Bullous pemphigoid is an autoimmune skin disease caused by the influence of IgG antibodies on antigens in subepidermal cells, which cause inflammation and the formation of bumps in the subepidermal tissue that are prone to rupture and the development of suprainfection.
All of this leads to a significant reduction in the quality of life in these patients, but also to a threefold increase in mortality. The cause of this increase in mortality is an increased susceptibility to infections, but also an increase in cardiovascular risk due to the increased concentration of IgG antibodies in the blood and the enhanced effect of IgG on vascular endothelium.
The only therapeutic option in these patients is topical or systemic administration of glucocorticoids. Although glucocorticoids can bring the disease into remission in the short term, their long-term use is associated with a number of side effects and an increase in cardiovascular risk, which is still increased in this group of patients. Other endogenous and immunosuppressive therapies are only partially effective and have several potential side effects.
A drug, which is administered subcutaneously, that blocks the production of IgG antibodies has so far been shown to be effective in treating myasthenia gravis, a disease that is also mediated by IgG antibodies. In more detail the drug is a receptor antagonist for circulating IgG that results in decreased IgG activity to the major antigens BP180 and BP 230 involved in disease development.

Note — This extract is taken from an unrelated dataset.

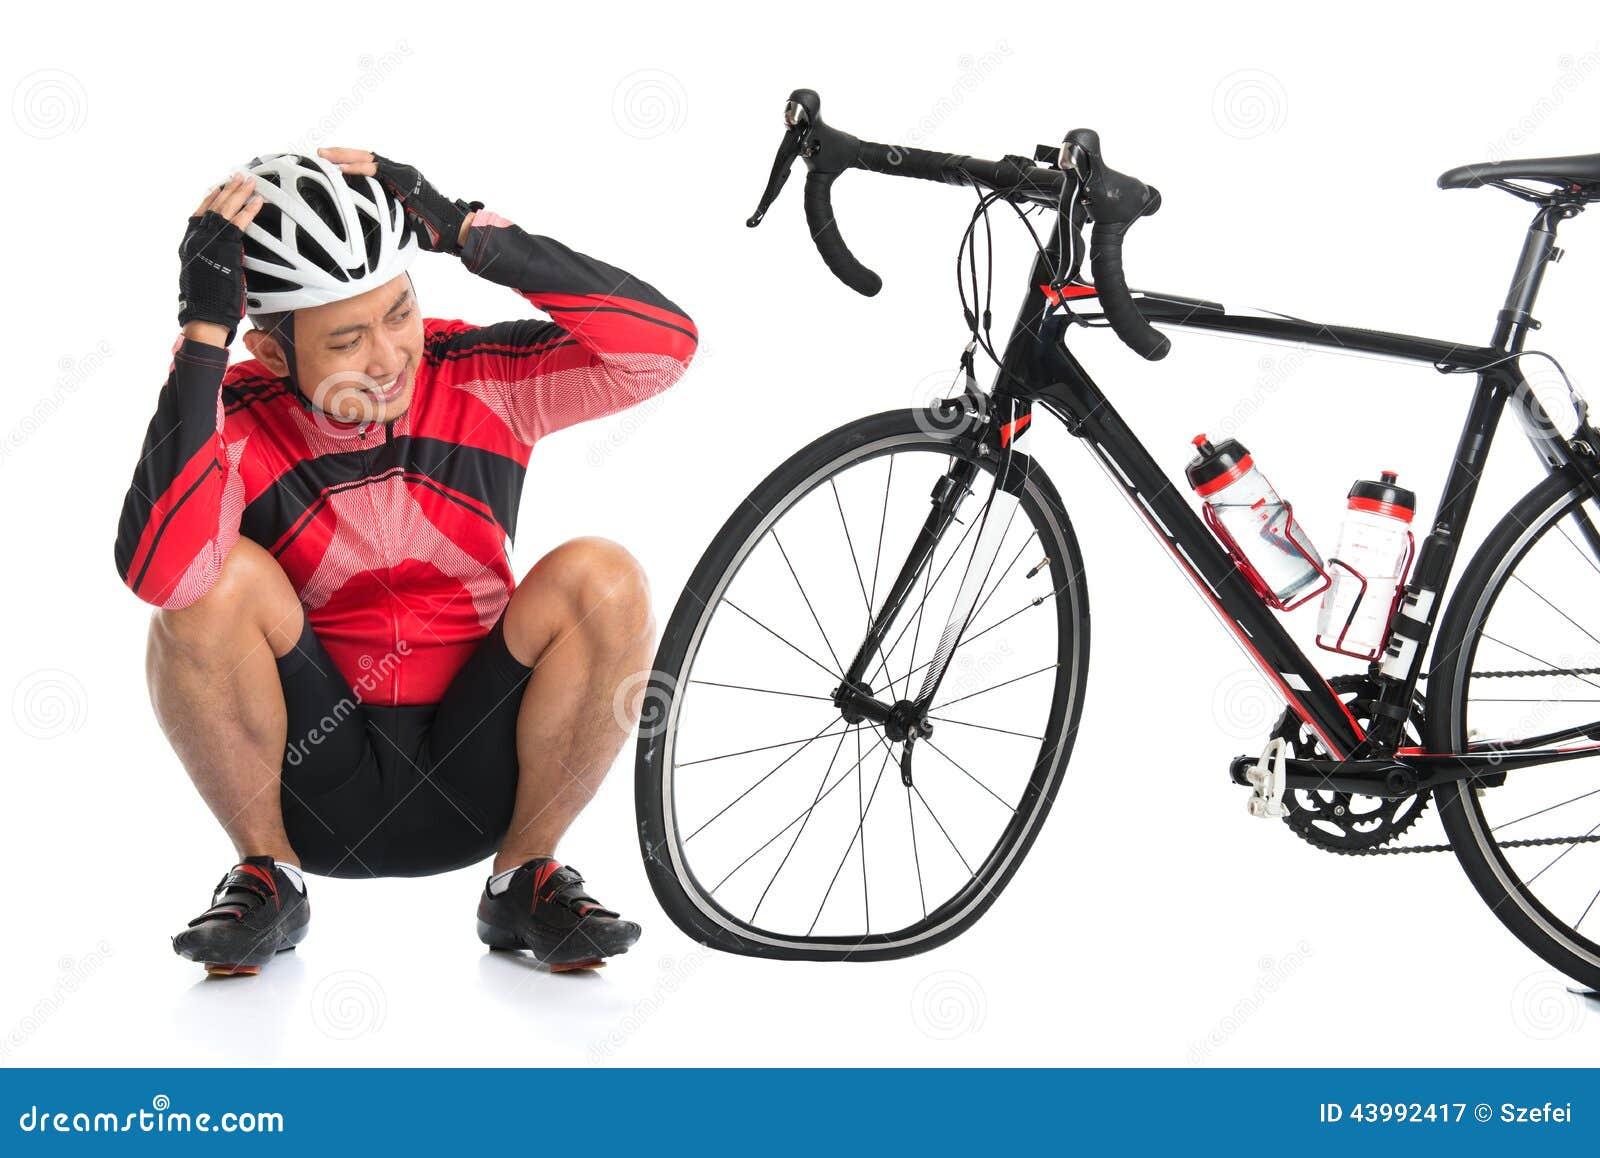 Flat tire bike stock image. Image of cycle, cycler ...

So far it has proven to be very effective with an excellent safety profile and is currently in a randomized double-blind phase II / III study. The inclusion of patients with bullous pemphigoid in this study offers the possibility of more targeted treatment of the disease under strictly controlled conditions.
We are pleased to be working part of this clinical trial and to be the second clinical research site in the world to successfully screen a patient with bullous pemphigoid into this new clinical trial.